The question for a petitioner like Brown, then, is whether he may rely on the right recognized in Johnson to challenge identical language in the mandatory Guidelines. Three Courts of Appeals have said no. See 868 F.3d 297 (CA4 2017) (case below); Raybon v. United States, 867 F.3d 625 (CA6 2017); United States v. Greer, 881 F.3d 1241 (CA10 2018). One Court of Appeals has said yes. See Cross v. United States, 892 F.3d 288 (CA7 2018). Another has strongly hinted yes in a different posture, after which point the Government dismissed at least one appeal that would have allowed the court to answer the question directly. See Moore v. United States, 871 F.3d 72, 80–84 (CA1 2017); see also United States v. Roy, 282 F. Supp. 3d 421 (Mass. 2017); United States v. Roy, Withdrawal of Appeal in No. 17–2169 (CA1). One other court has concluded that the mandatory Guidelines themselves cannot be challenged for vagueness. See In re Griffin, 823 F.3d 1350, 1354 (CA11 2016).
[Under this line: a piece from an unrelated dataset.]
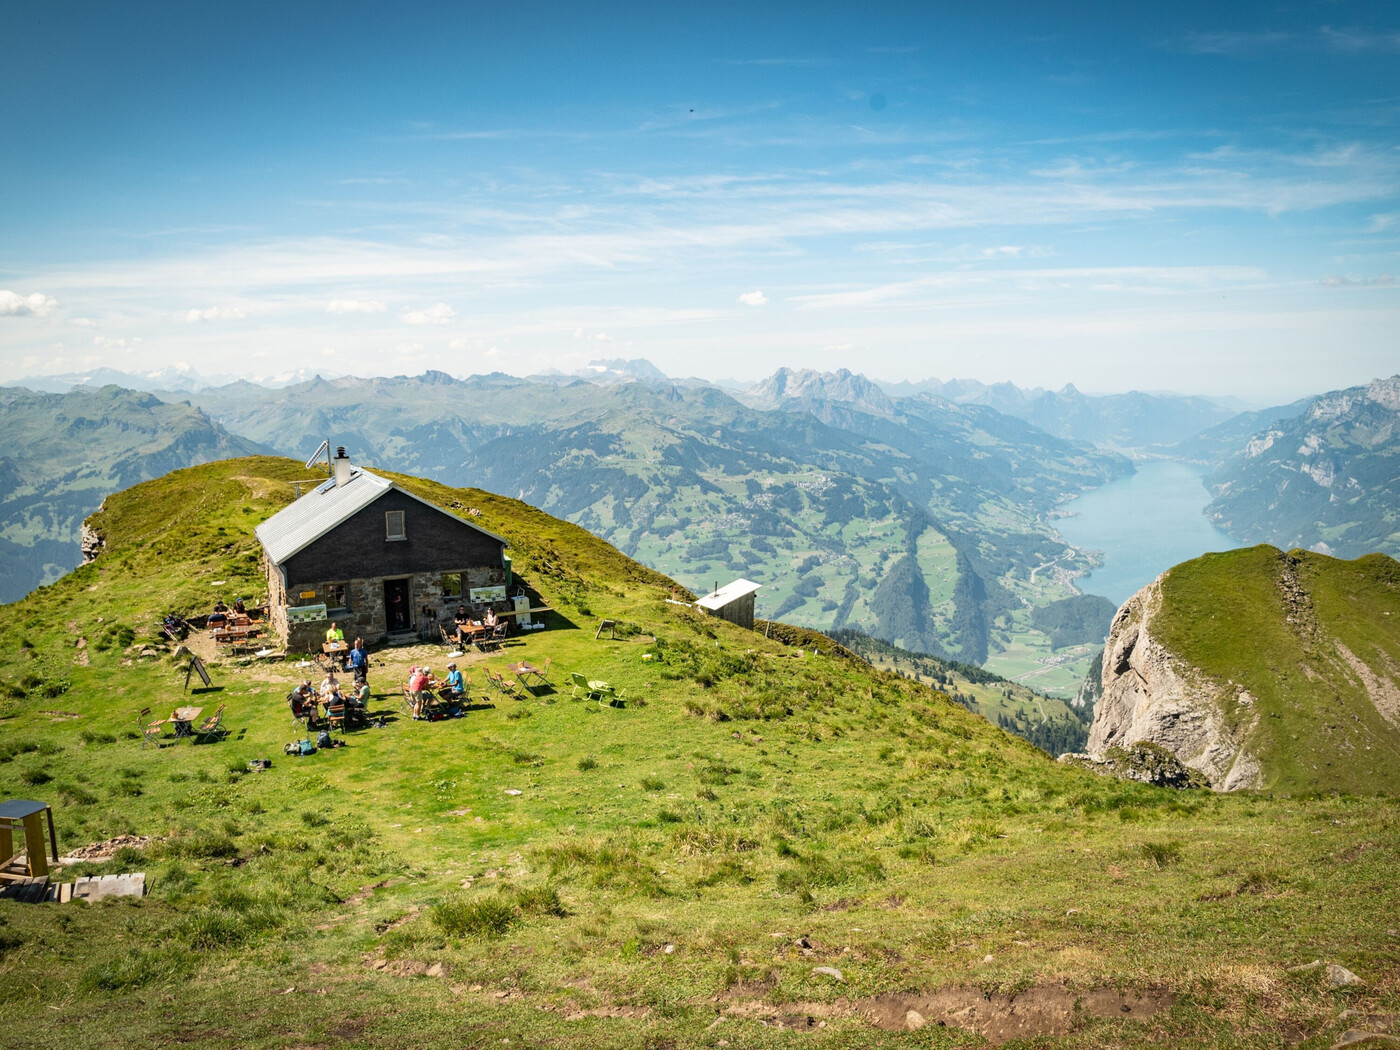 In die Höhe: Die Gipfelhütte Alvier auf 2342 Meter über Meer östlich des Walensees gehört zu einem schönen Aussichtspunkt in der Ostschweiz.

Regardless of where one stands on the merits of how far Johnson extends, this case presents an important question of federal law that has divided the courts of appeals and in theory could determine the liberty of over 1,000 people. That sounds like the kind of case we ought to hear. See this Court’s Rules 10(a), (c). Because the Court nevertheless declines to do so, I respectfully dissent.